### TASK
Every line of the data below is to be duplicated exactly, pictures excepted.

BEGIN AVAILABLE DATA

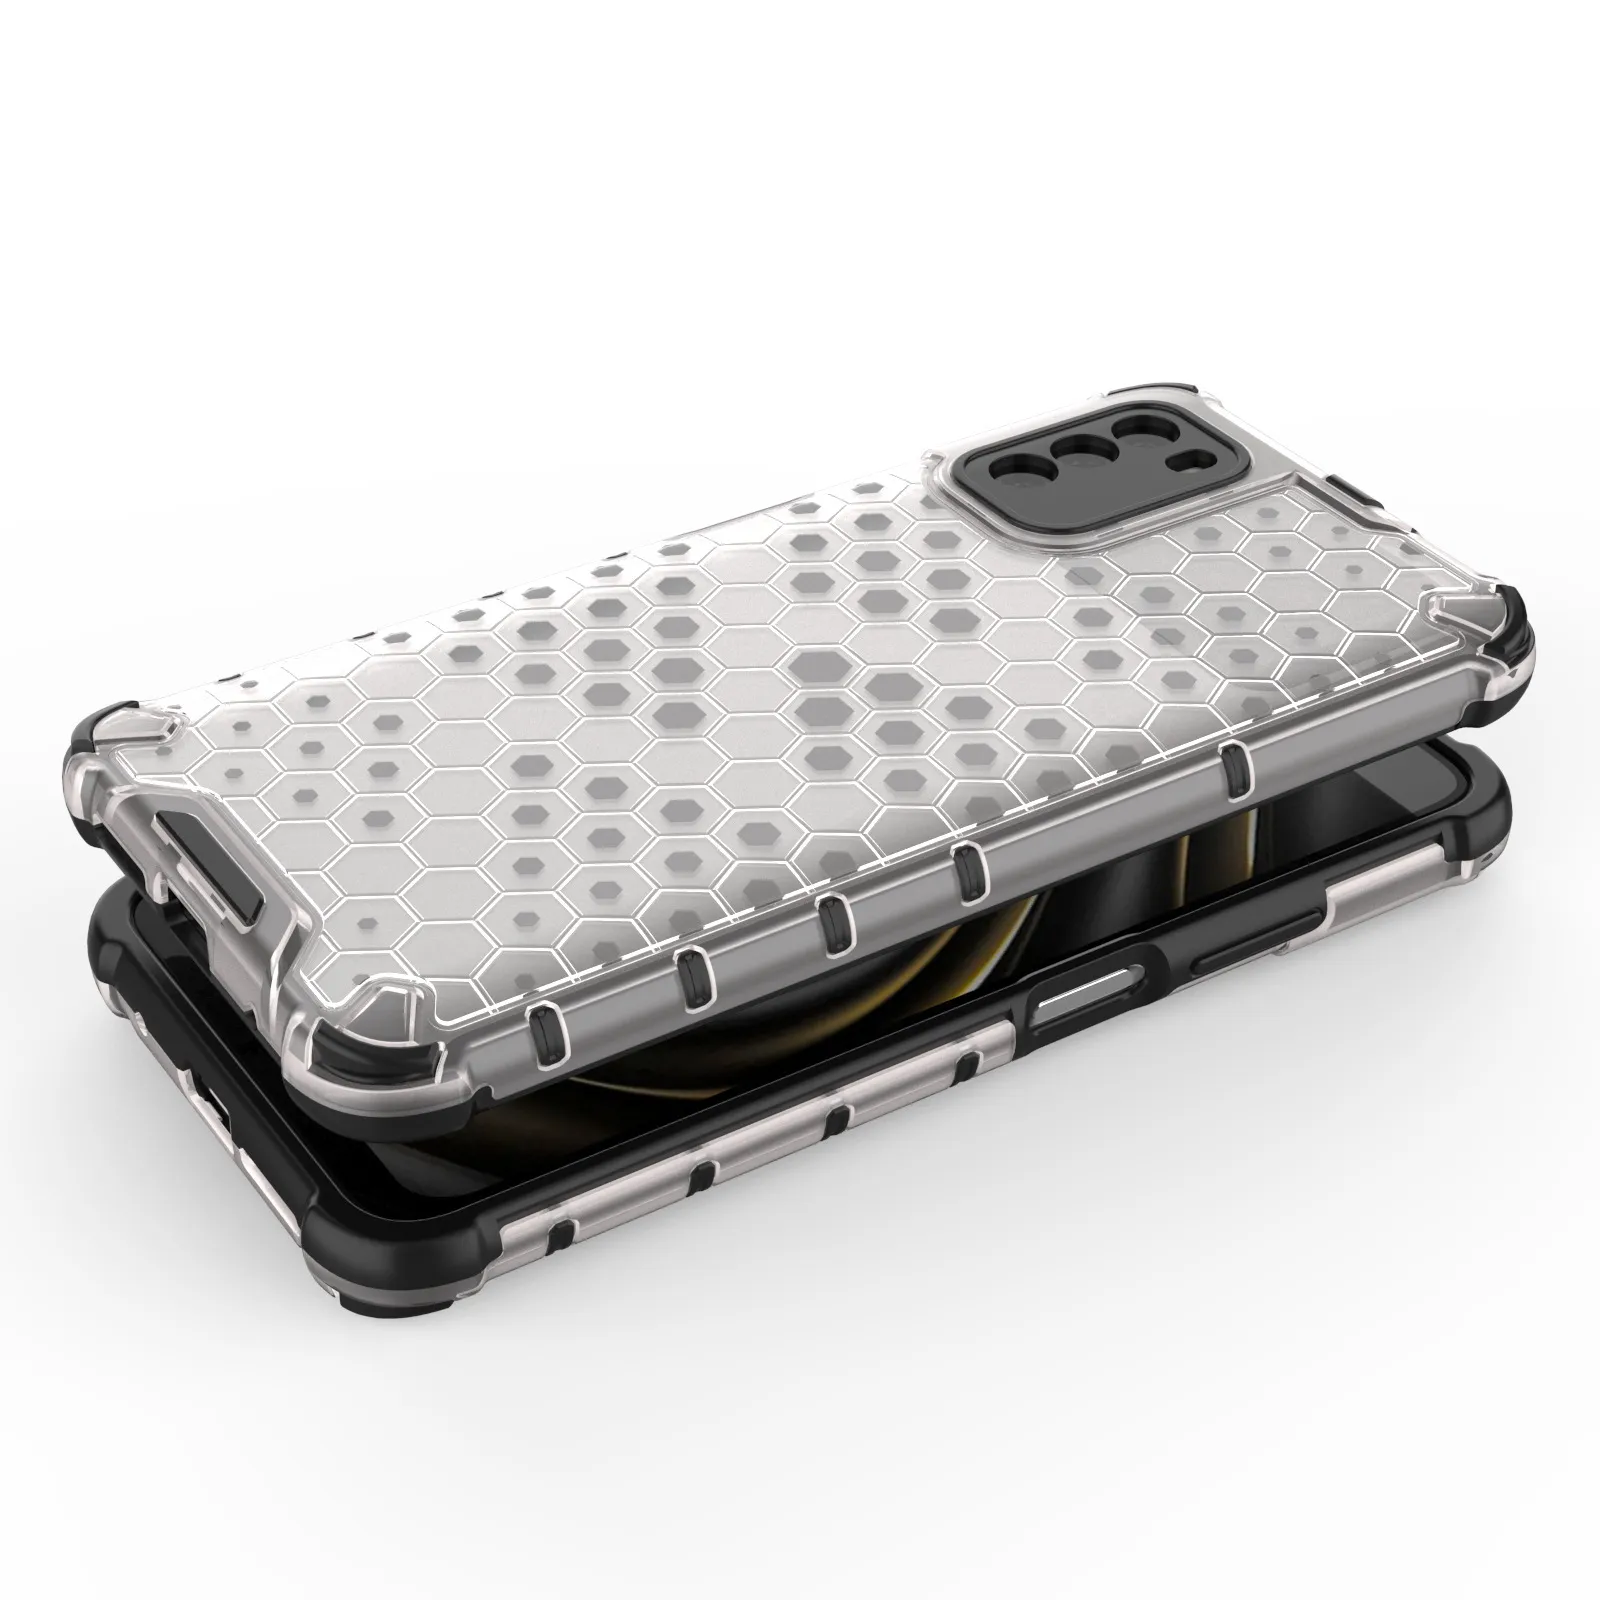 Beschermende zaken voor POCO M3 hybride schokbestendige mobiele telefoon geval transparant en bestendig voor Xiaomi POCO M3
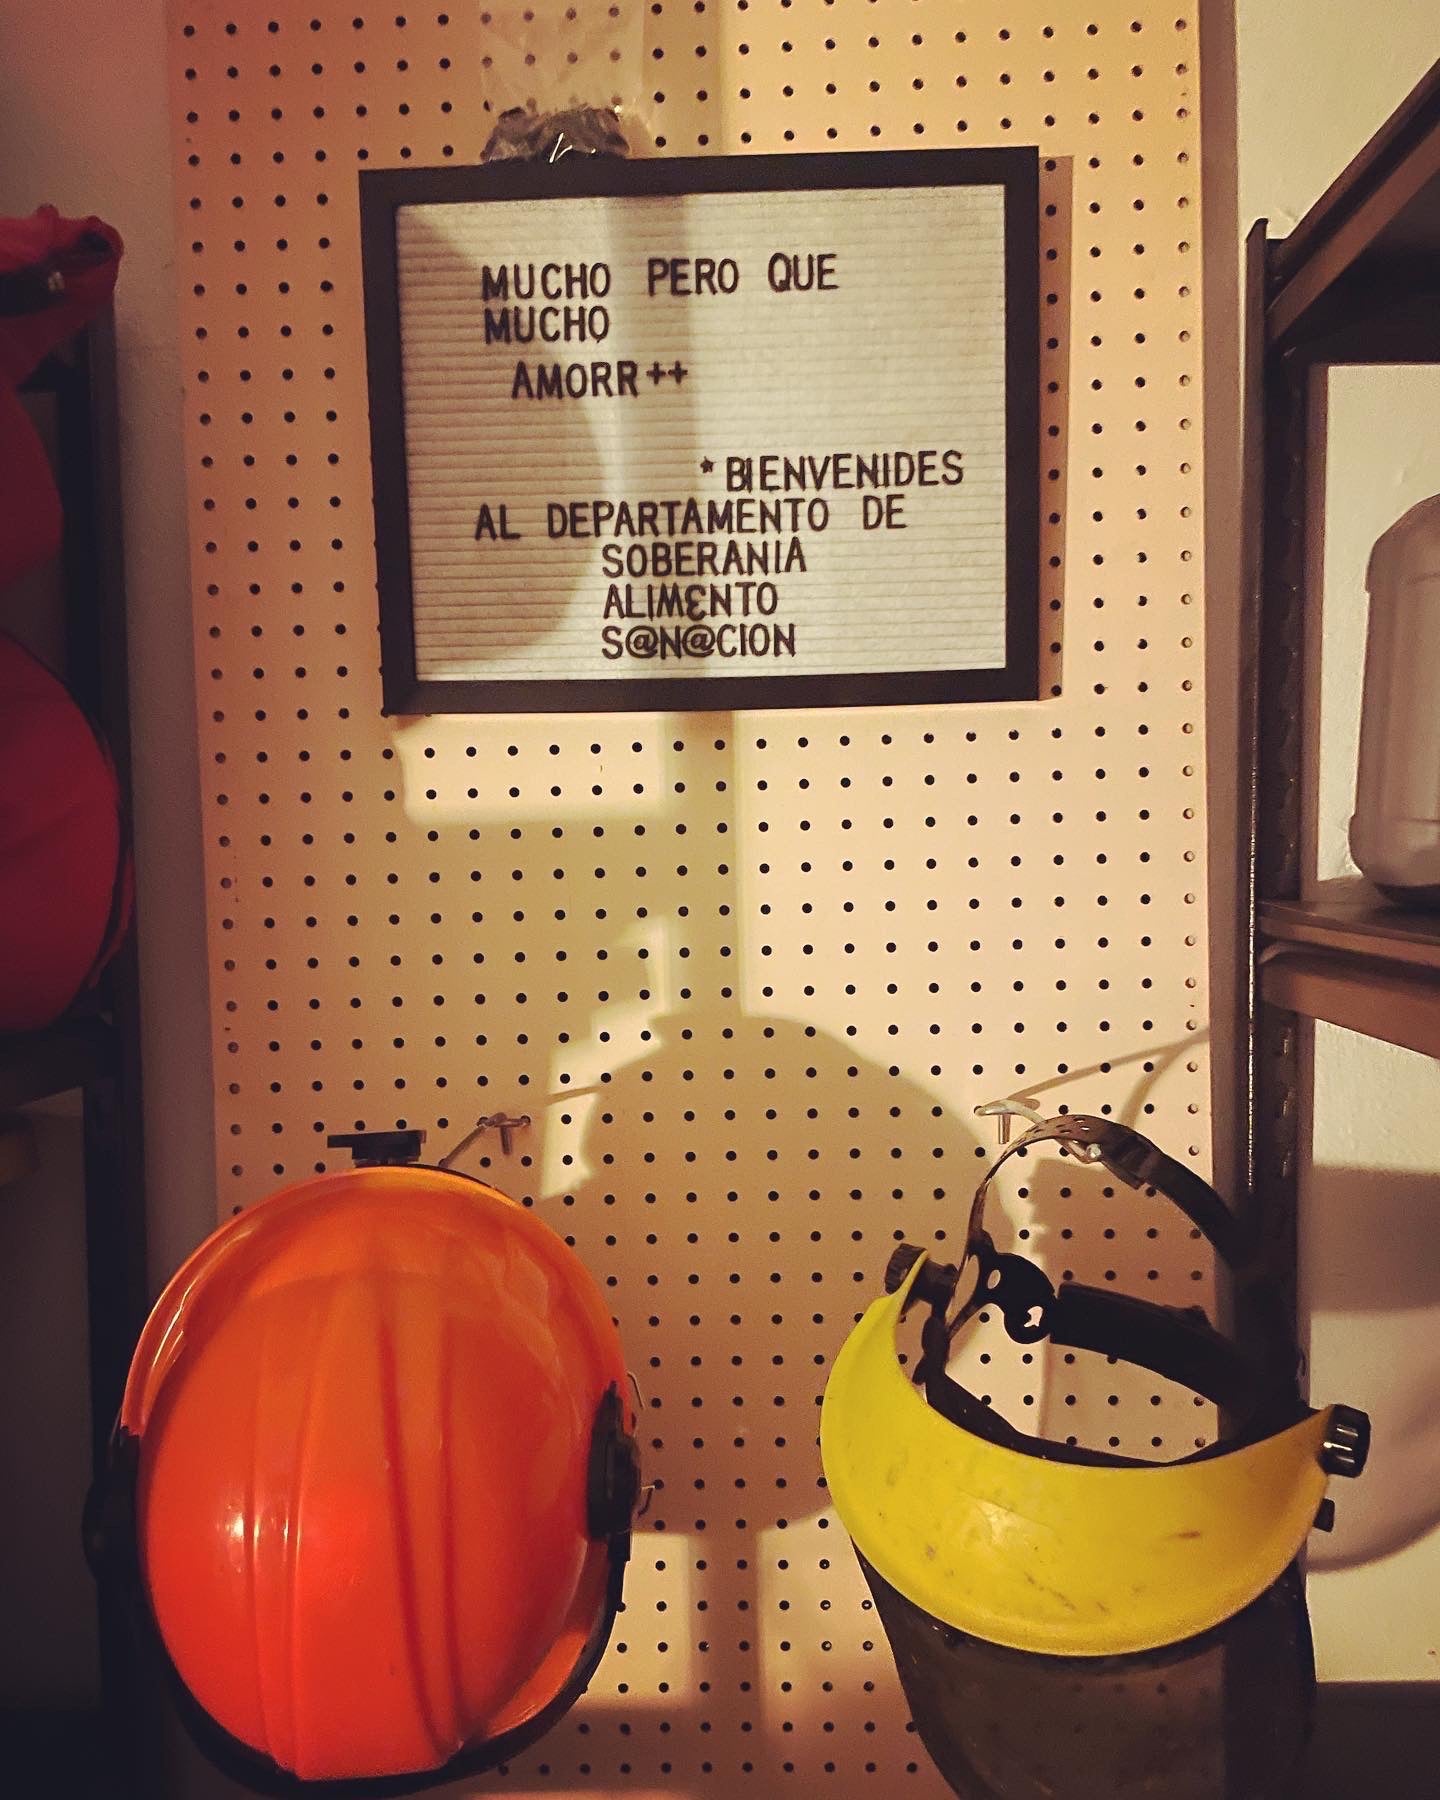 un pegboard que tiene un letrero que dice "Much pero que mucho amorr++. Bienvenides al Departamento de Soberania, Aliemnto, Sanacion". Abajo, son 2 cascos.
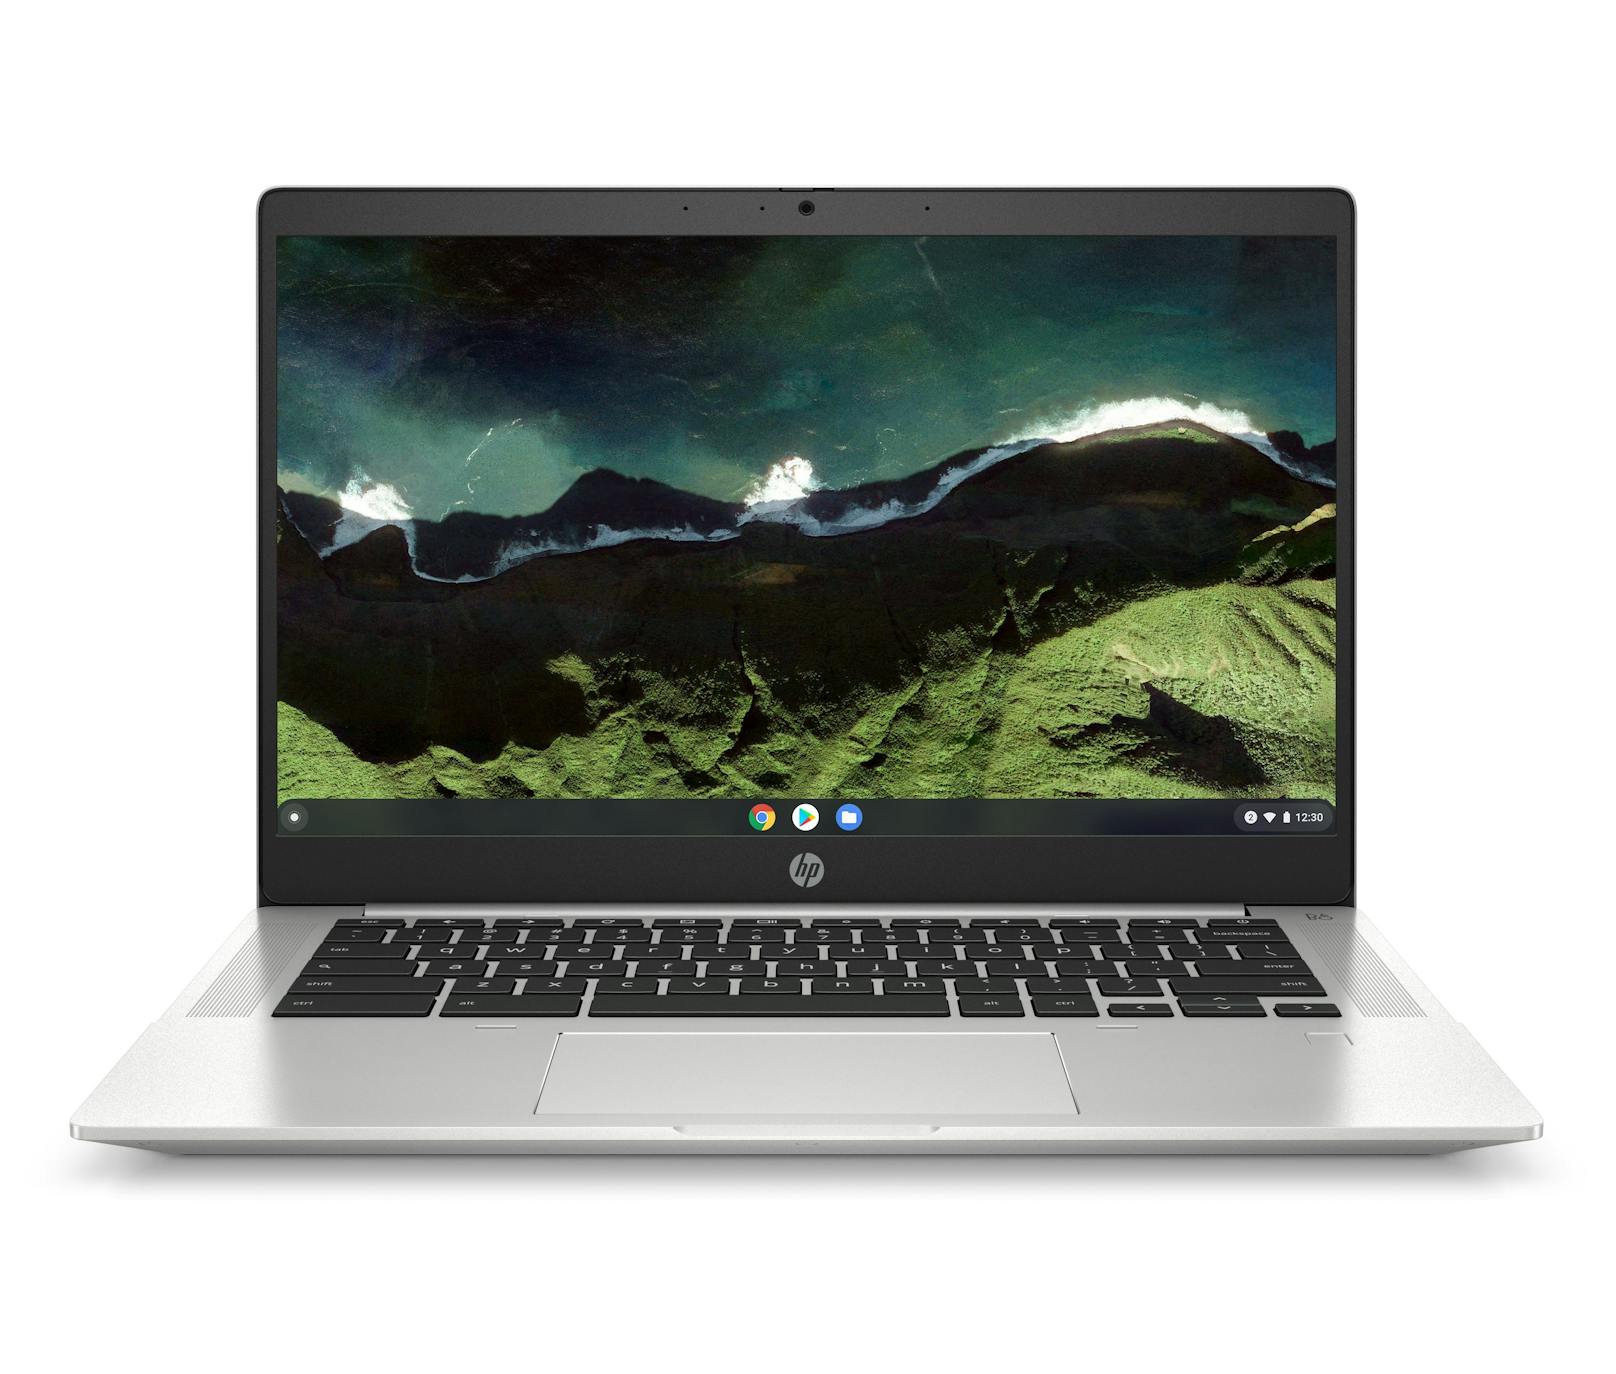 Neues HP Chromebook ermöglicht Cloud-Anwendungen in hybriden Arbeitsumgebungen

END AVAILABLE DATA

### REPLY TO THE EXERCISE
 Beschermende zaken voor POCO M3 hybride schokbestendige mobiele telefoon geval transparant en bestendig voor Xiaomi POCO M3
 un pegboard que tiene un letrero que dice "Much pero que mucho amorr++. Bienvenides al Departamento de Soberania, Aliemnto, Sanacion". Abajo, son 2 cascos.
 Neues HP Chromebook ermöglicht Cloud-Anwendungen in hybriden Arbeitsumgebungen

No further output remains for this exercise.